London mayor asks for new EU ties model, referendum

London mayor asks for new EU ties model, referendum

LONDON - Reuters
London mayor asks for new EU ties model, referendum

London Mayor Boris Johnson poses with a bronze statue of a bull.

London Mayor Boris Johnson said yesterday the British people should be given a referendum on whether to stay in a European Union pared back to the single market only.

Speaking at a Thomson Reuters Newsmaker event in London, Johnson said Britain’s relationship with the EU should be renegotiated around a model based on free trade and fewer barriers to business.
If achieved, he said, that would allow London to flourish further as a financial center.

“The euro is a calamitous project,” he said in a speech. “We should use the opportunity of the Treaty changes - perhaps over the banking union - to convene an intergovernmental conference in which we bring Britain’s membership in line with what people want.

“Boil it down to the single market.

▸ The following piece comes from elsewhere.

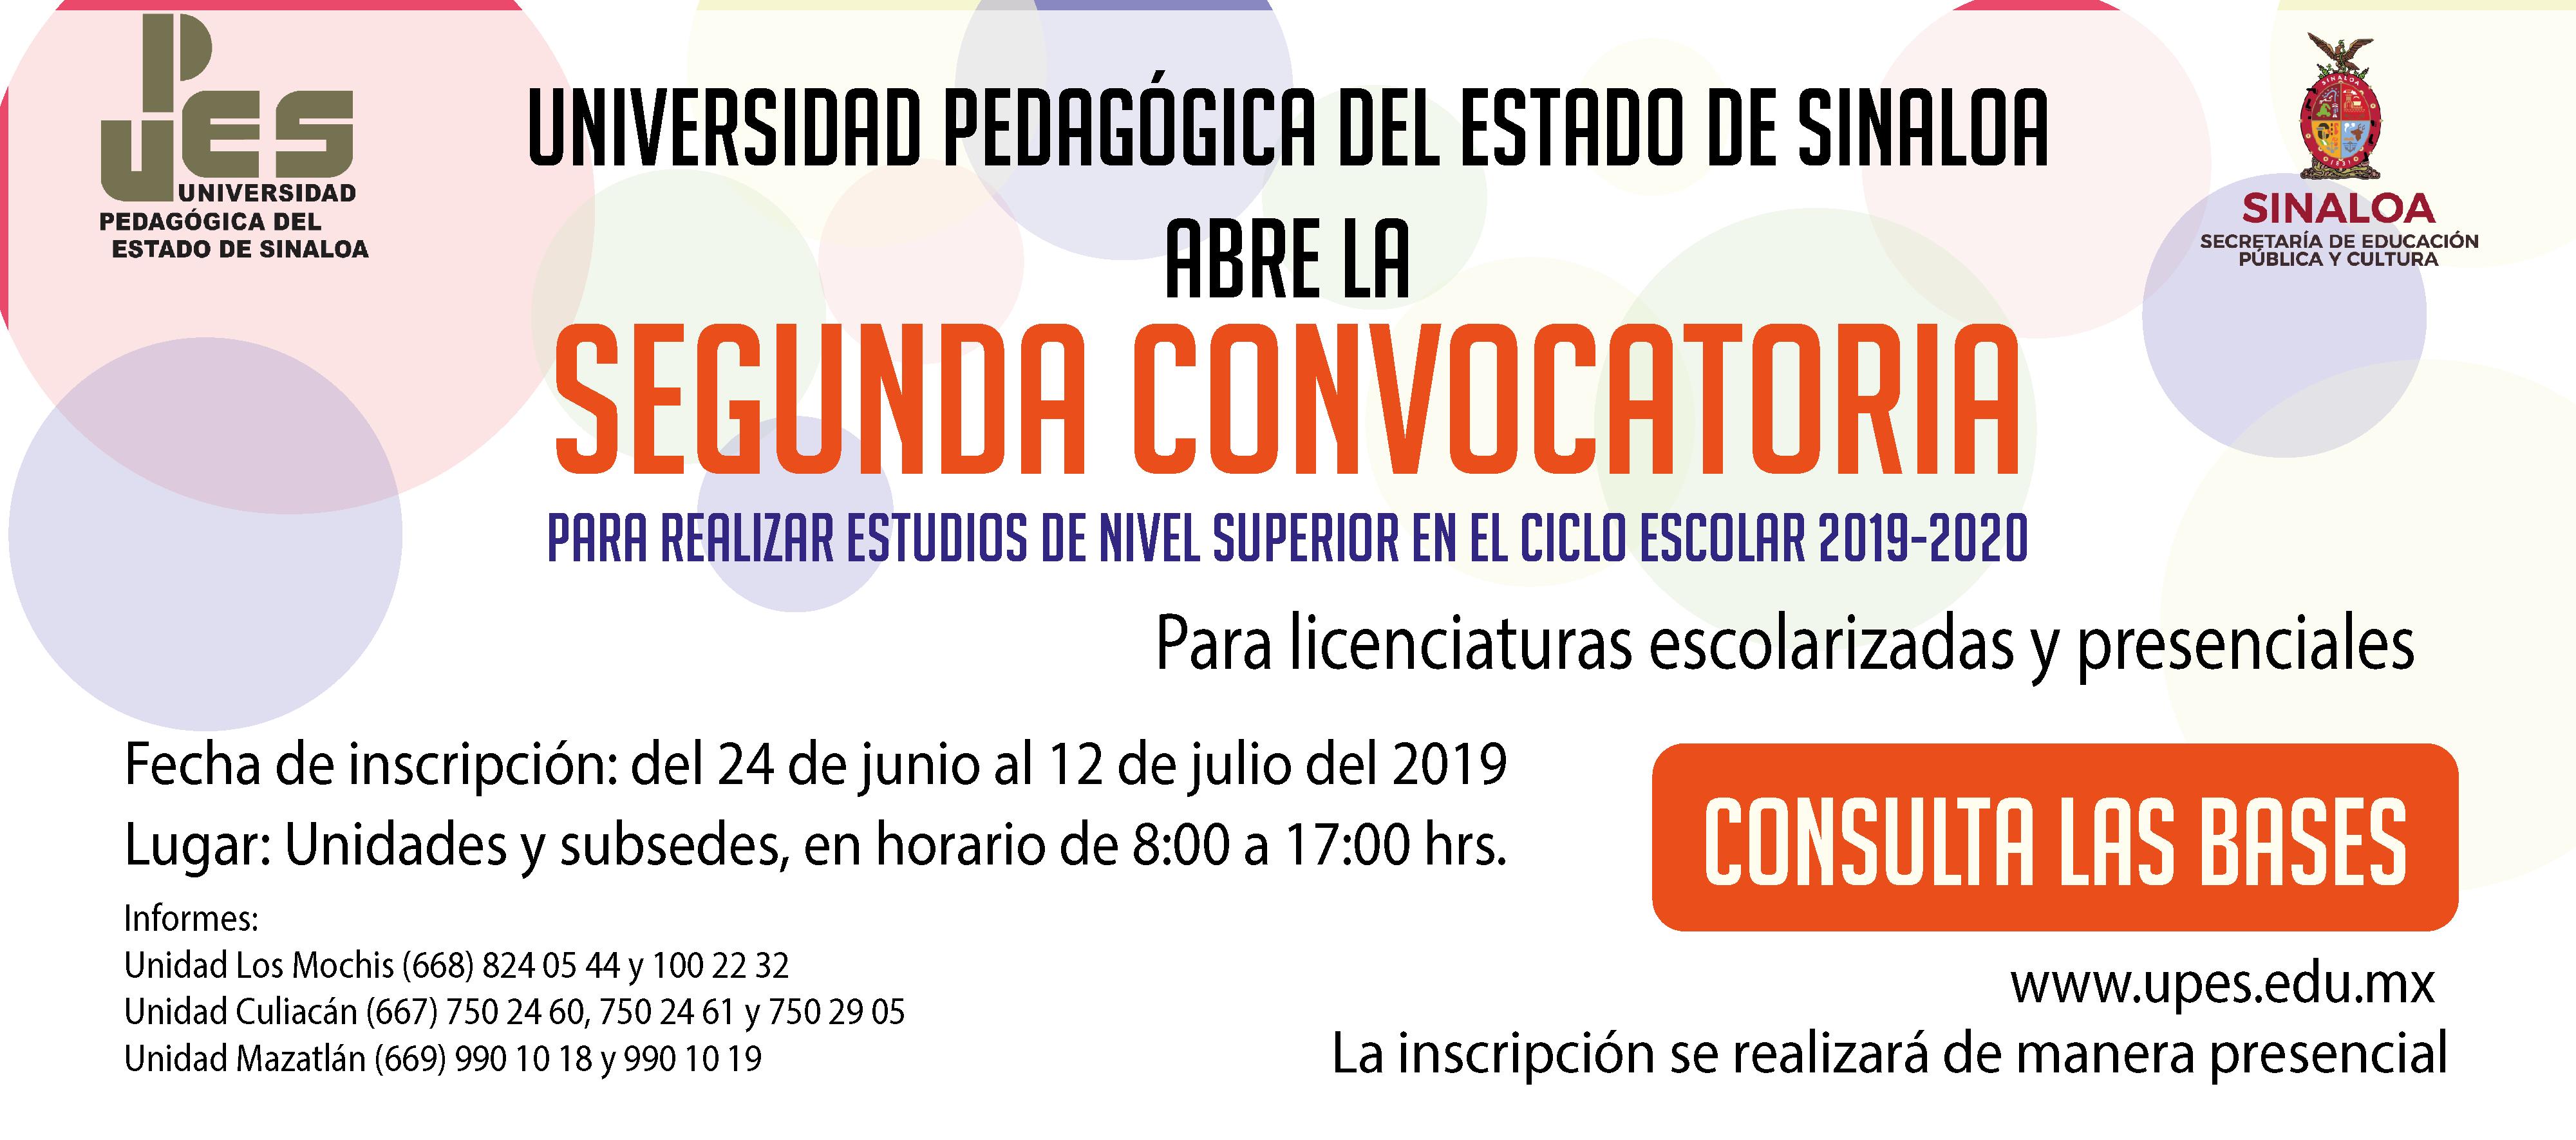 Segunda-Convocatoria-al-proceso-de-inscripcion-para-realizar-estudios-de-nivel-superior-2019-2020-S

That is a renegotiated Treaty we could and should put to the vote of the British people,” he said. “It is high time that we had a referendum, and it would be a very simple question. Do you want to stay in the EU single market - yes or no?”

Eurozone member states aim to put the European Central Bank in charge of supervising some or all eurozone banks as step one towards a banking union but Britain wants the ECB’s influence curbed so that it does not restrict London’s pre-eminence as a financial center.

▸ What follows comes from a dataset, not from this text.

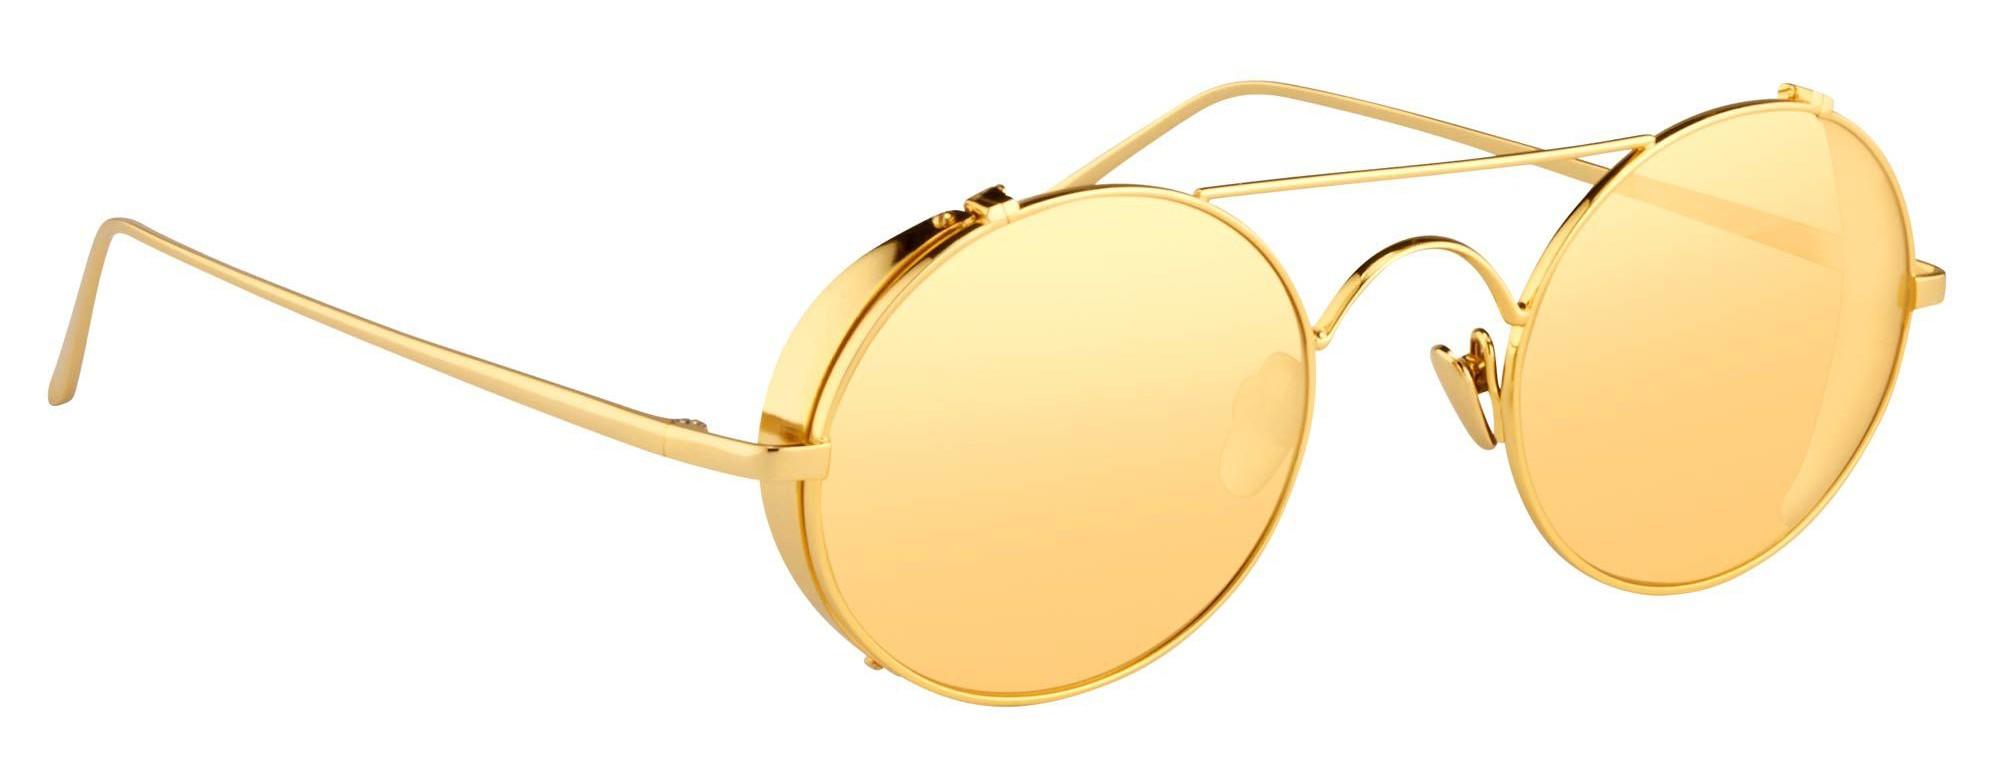 a520a362471 Linda Farrow - 427 C1 Oval Sunglasses - Yellow Gold - Linda Farrow Eyewear  - Gigi Hagid - Elle Macpherson - Official - Avvenice

Johnson, who made his reputation as a correspondent for the right-leaning Daily Telegraph in Brussels, said Britain should look to have a similar relationship with the EU as those enjoyed by Norway and Switzerland.

Like Switzerland

“Indeed, if that were the relationship then there is every chance that we would be joined in that outer tier by Norway and Switzerland, since both those countries are feeling increasingly frustrated by their lack of influence.”

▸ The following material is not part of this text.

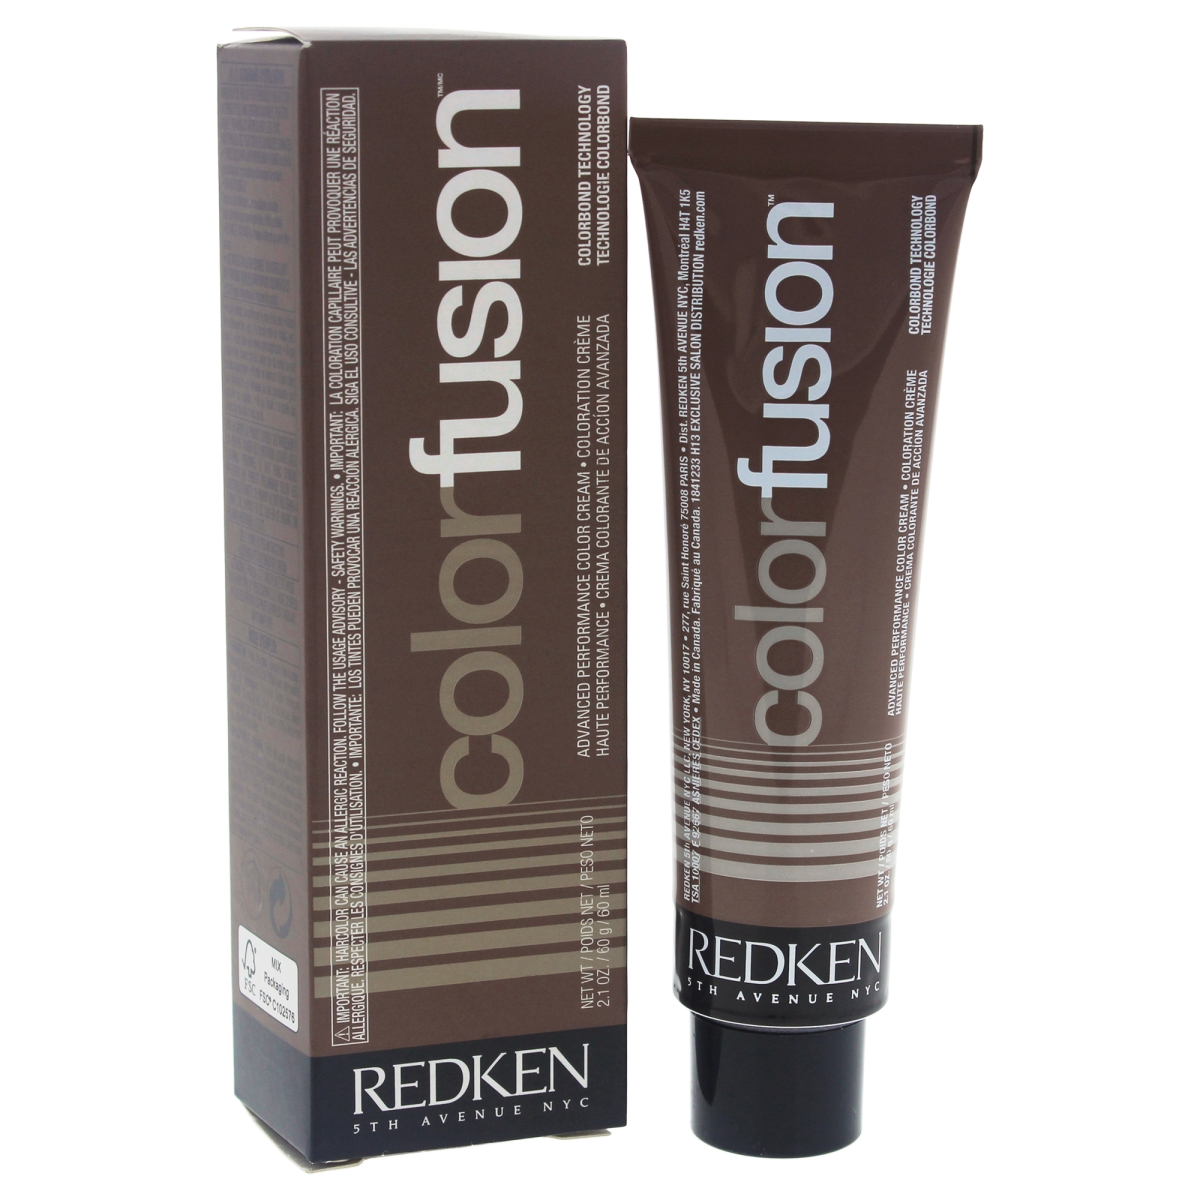 Redken U-HC-11725 2.1 oz Color Fusion Cream No. 3 Natural Balance Neutral Hair Color for Unisex

Britain’s relations with Europe have shot to the top of the political agenda with rebellious anti-EU members of Prime Minister David Cameron’s ruling Conservatives pushing for a new role inside the 27-nation bloc - or even leaving altogether.

Johnson, a Conservative party member seen as a potential rival to Cameron, predicted the euro area would limp on with sclerotic growth rates before possibly blowing up.

Asked if he would campaign to keep Britain within the European Union if it renegotiated its treaty to be based around the single market, the mayor said he would.

 “The choice is going to be staying in on our terms, or getting out,” he said, when asked about the fact that other European countries are unwilling to renegotiate a special relationship for Britain.